→ Work request
Starting from the line in which "Available in natural oak with painted door." appears, output every line down to the last line of the data below, exactly and without anything more.

[Records from a dataset]

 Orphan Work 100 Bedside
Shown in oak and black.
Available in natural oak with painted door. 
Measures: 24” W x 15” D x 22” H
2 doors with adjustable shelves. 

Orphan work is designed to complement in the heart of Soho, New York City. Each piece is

→ Answer to the problem
Available in natural oak with painted door. 
Measures: 24” W x 15” D x 22” H
2 doors with adjustable shelves. 

Orphan work is designed to complement in the heart of Soho, New York City. Each piece is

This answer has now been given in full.